■ WHAT YOU SHOULD DO ■
Your task is to reproduce the listing exactly, without its images.

■ AVAILABLE DATA ■
- - -
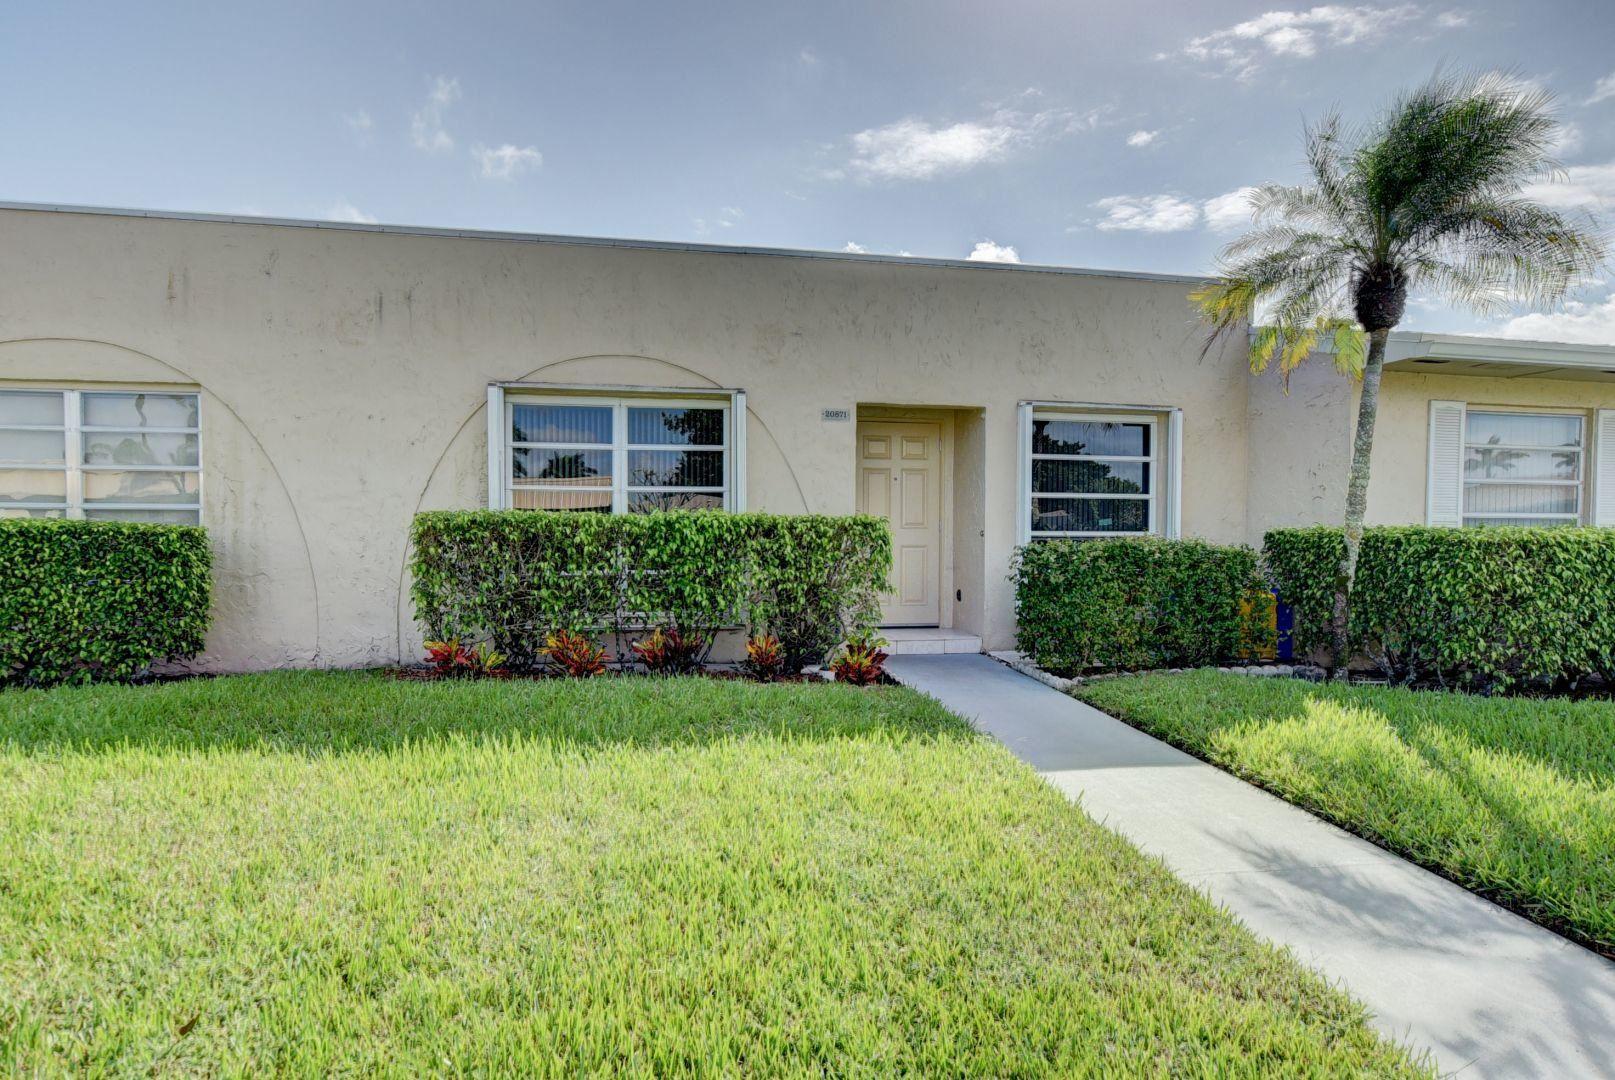 20871 Wendall Terrace, Boca Raton, FL 33433 - #: RX-10669458
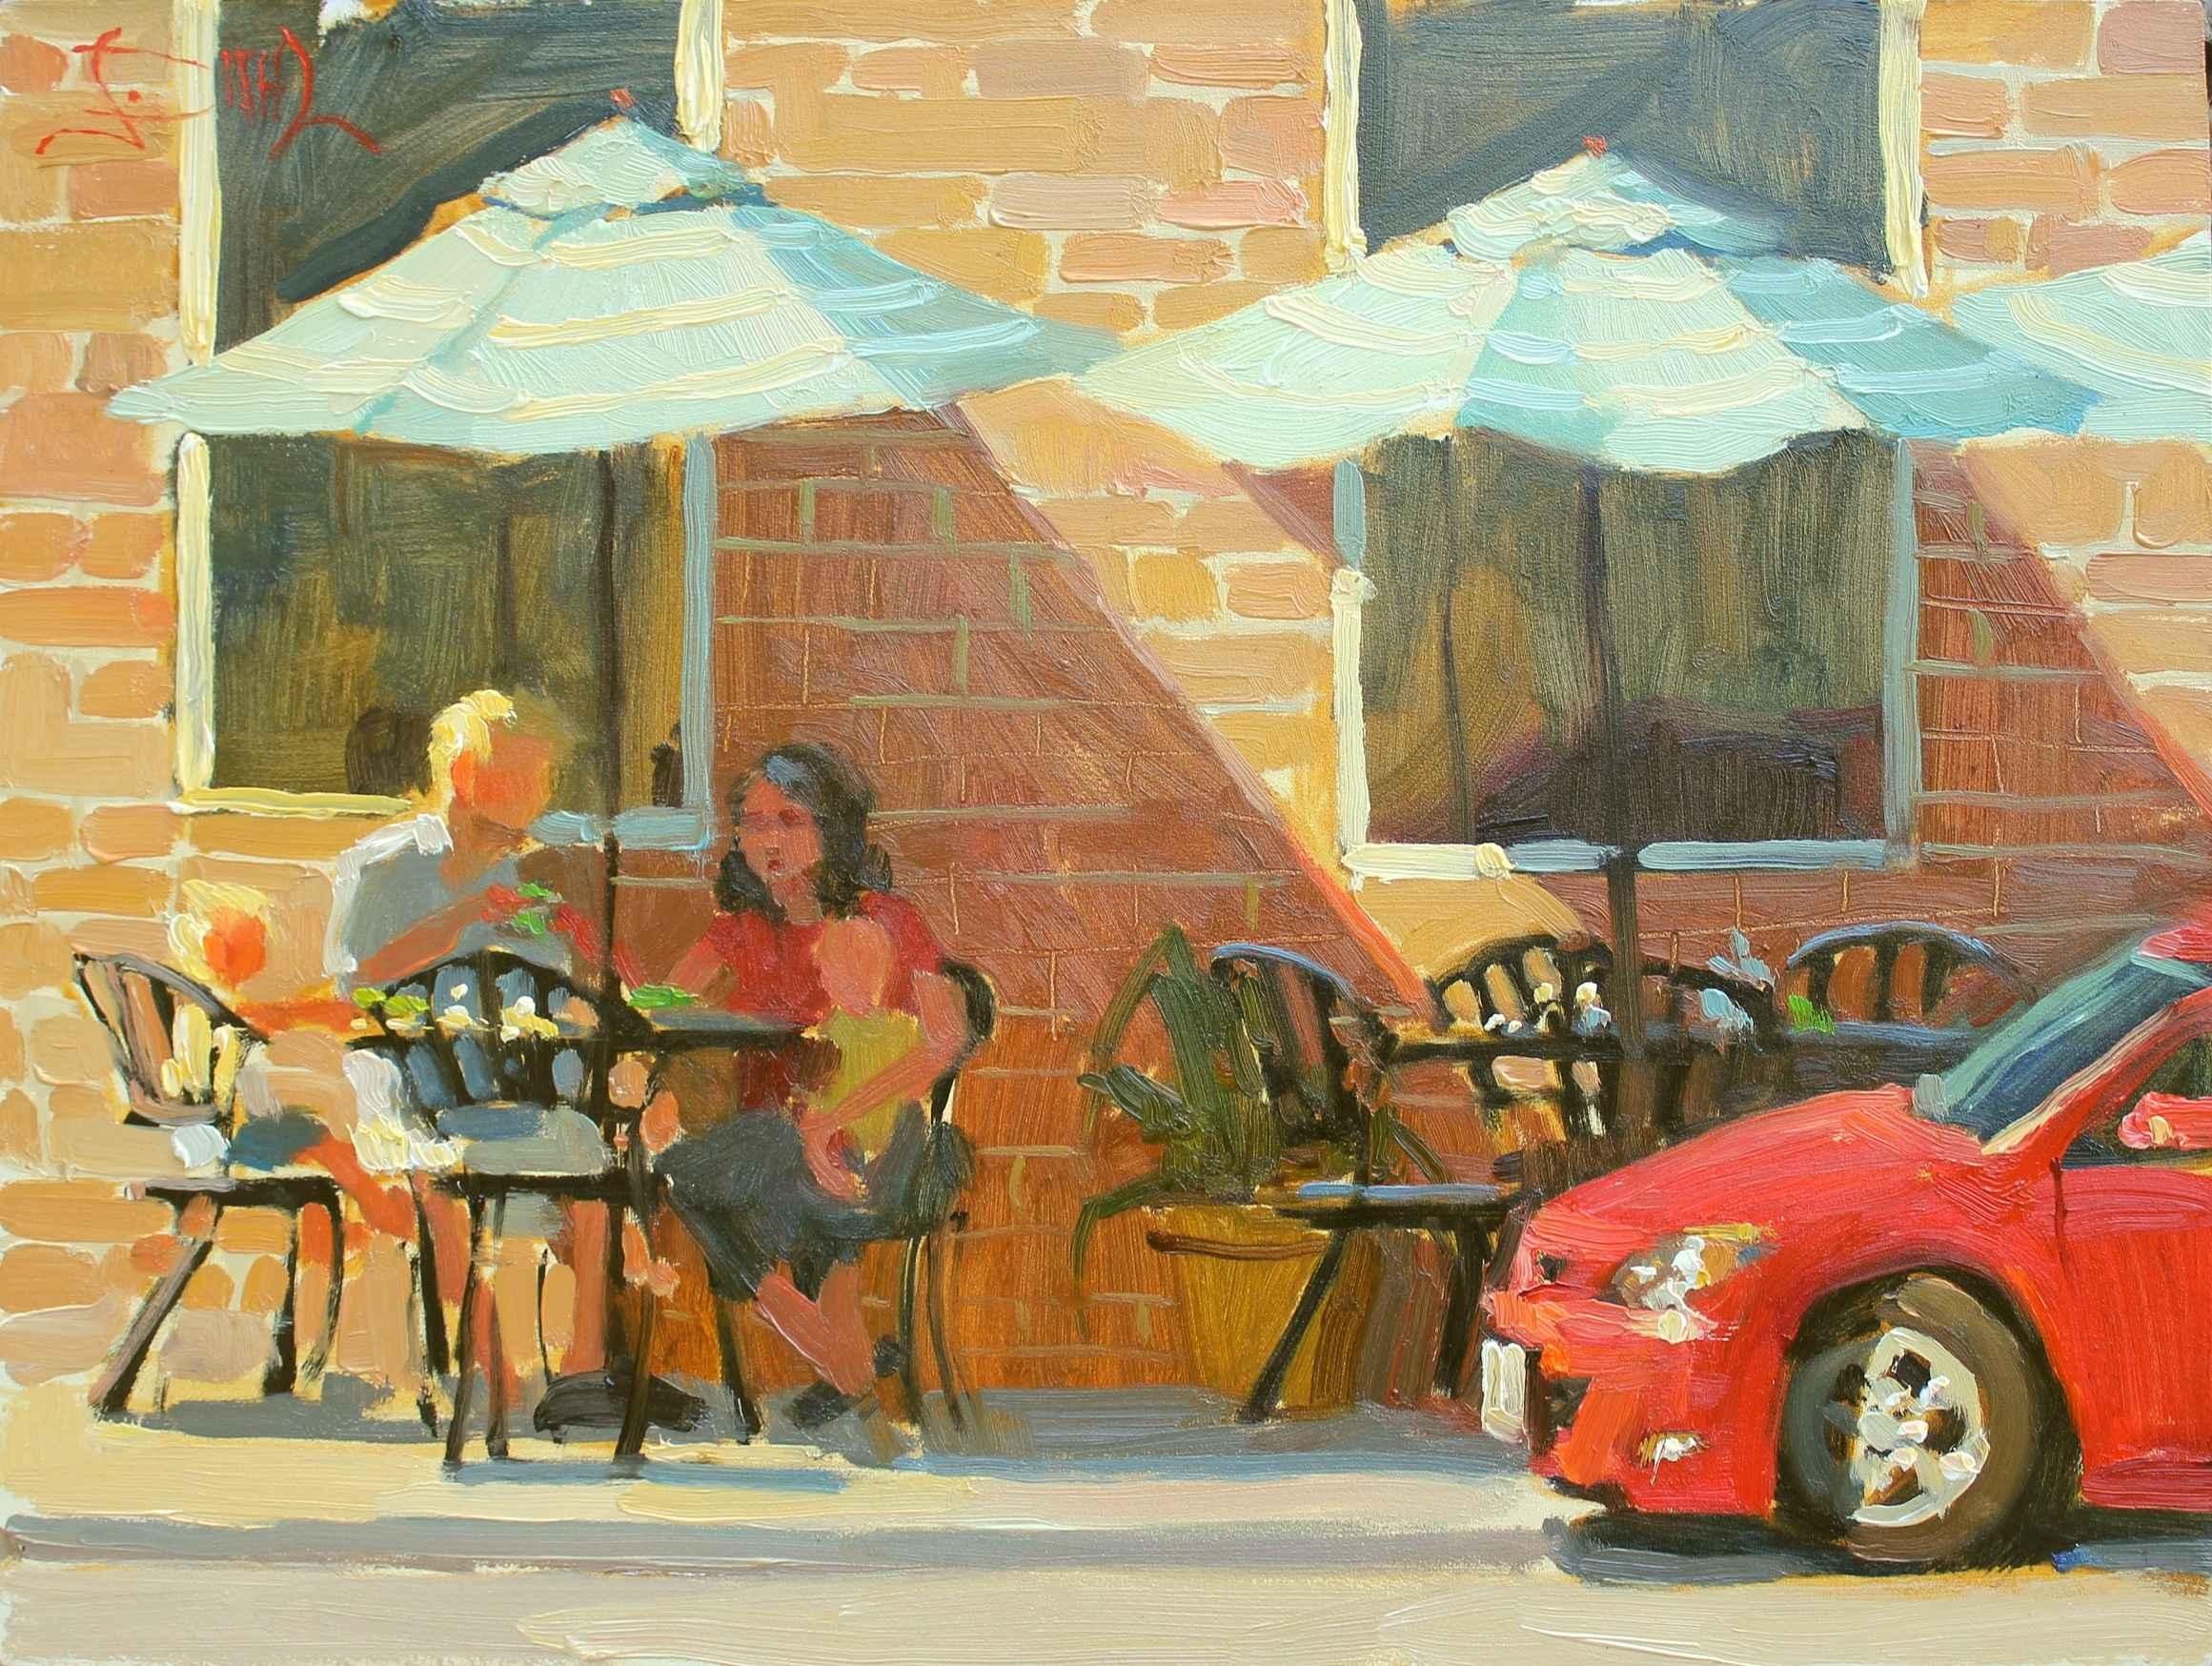 Break in the Shade by  Jennifer Diehl - Masterpiece Online
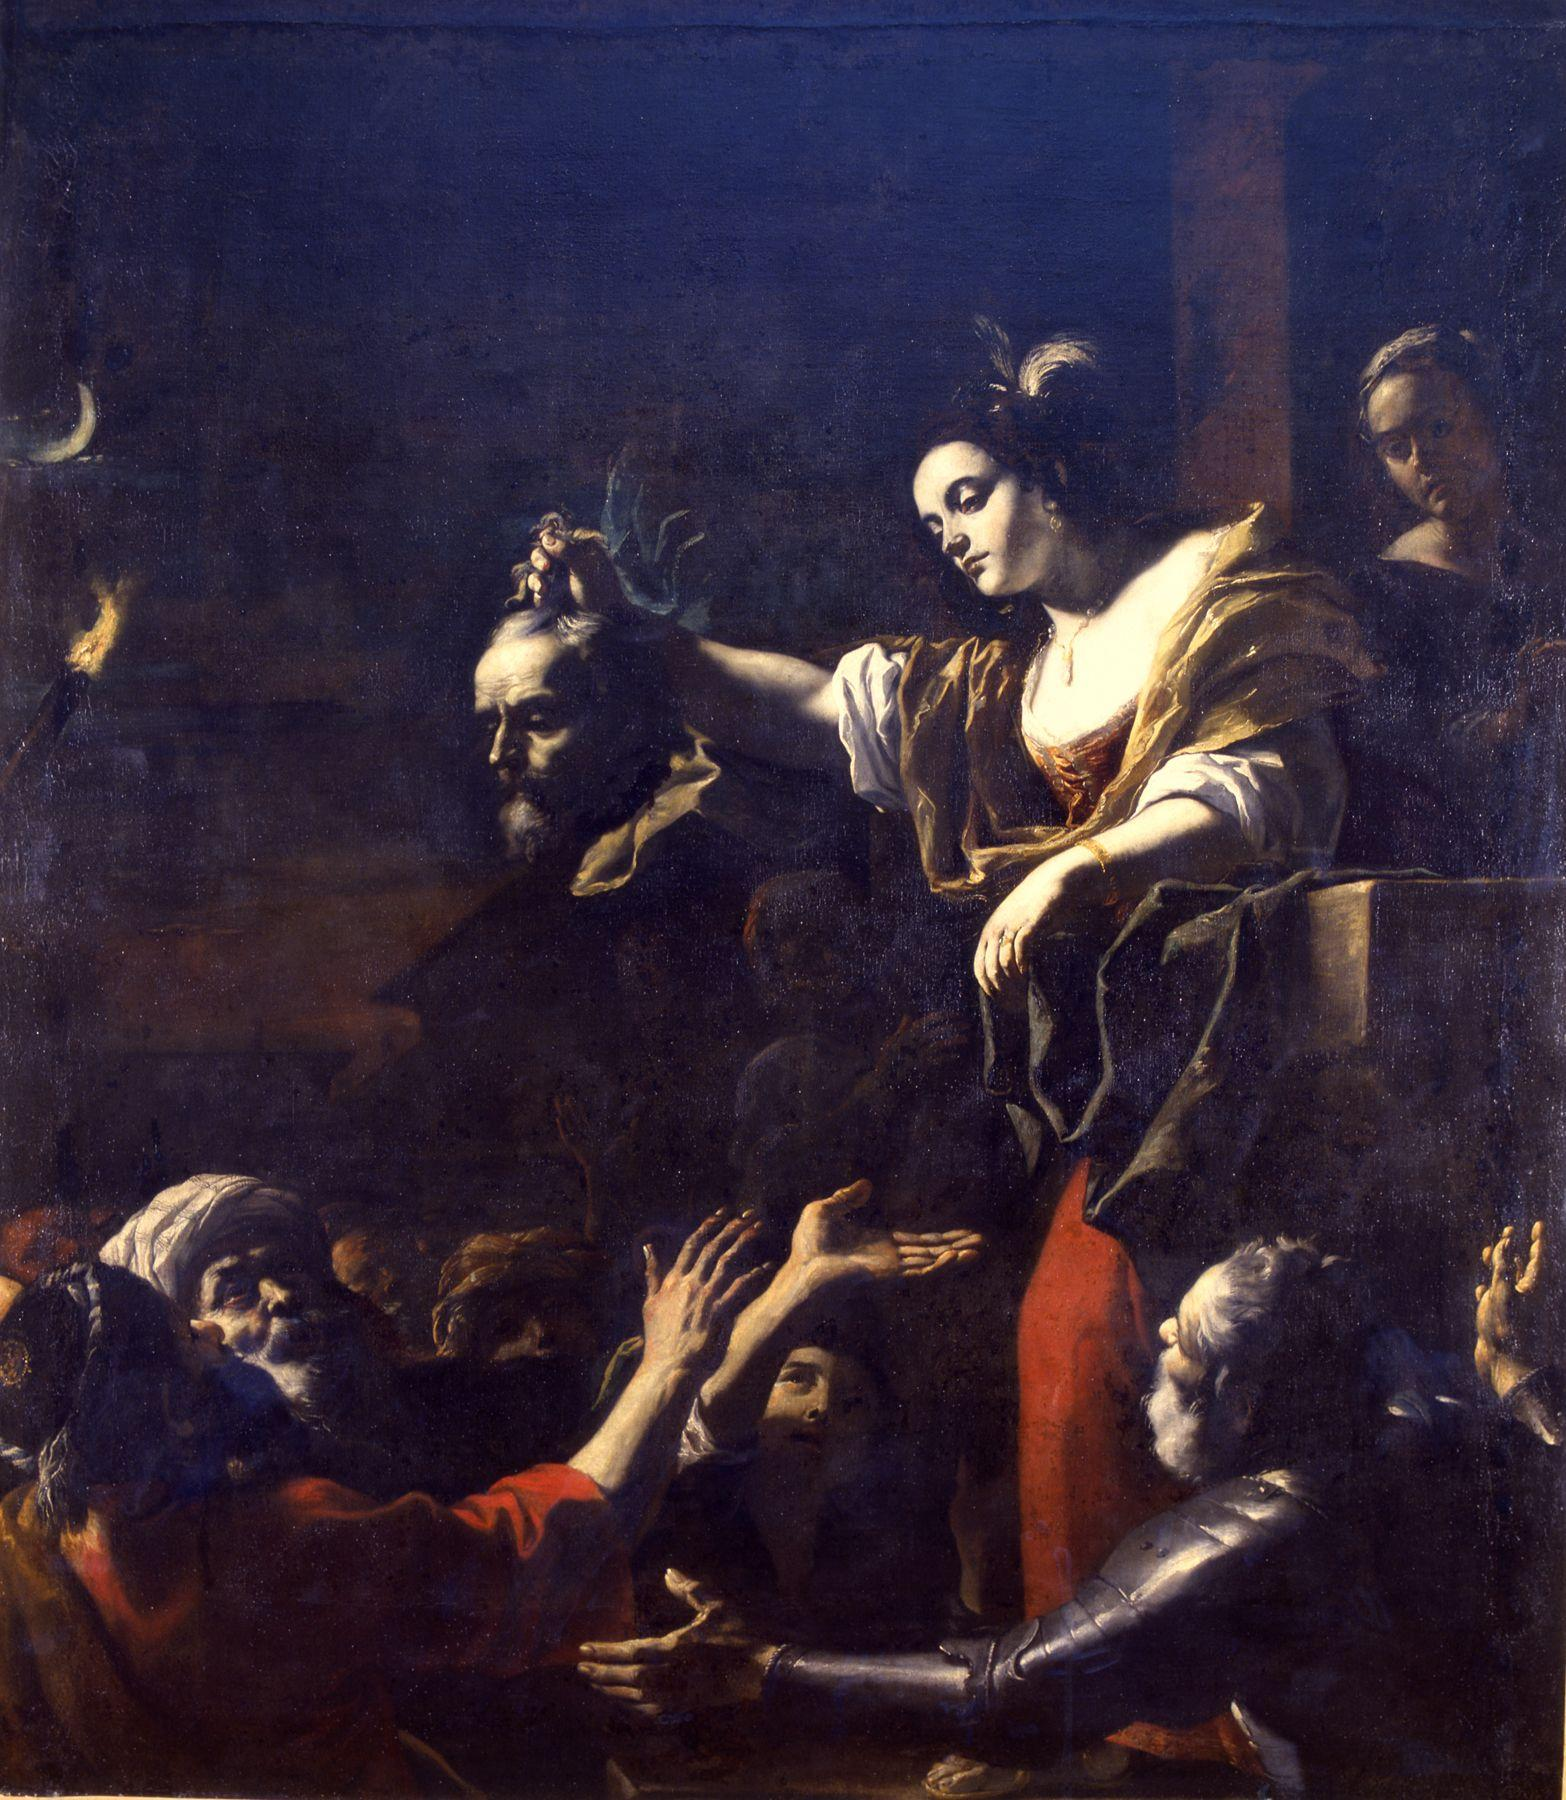 Preti 1651-1661 Judith montrant la tete d Holopherne Musee de Chambery
- - -
■ RESULT OF THIS EXERCISE ■
 20871 Wendall Terrace, Boca Raton, FL 33433 - #: RX-10669458
 Break in the Shade by  Jennifer Diehl - Masterpiece Online
 Preti 1651-1661 Judith montrant la tete d Holopherne Musee de Chambery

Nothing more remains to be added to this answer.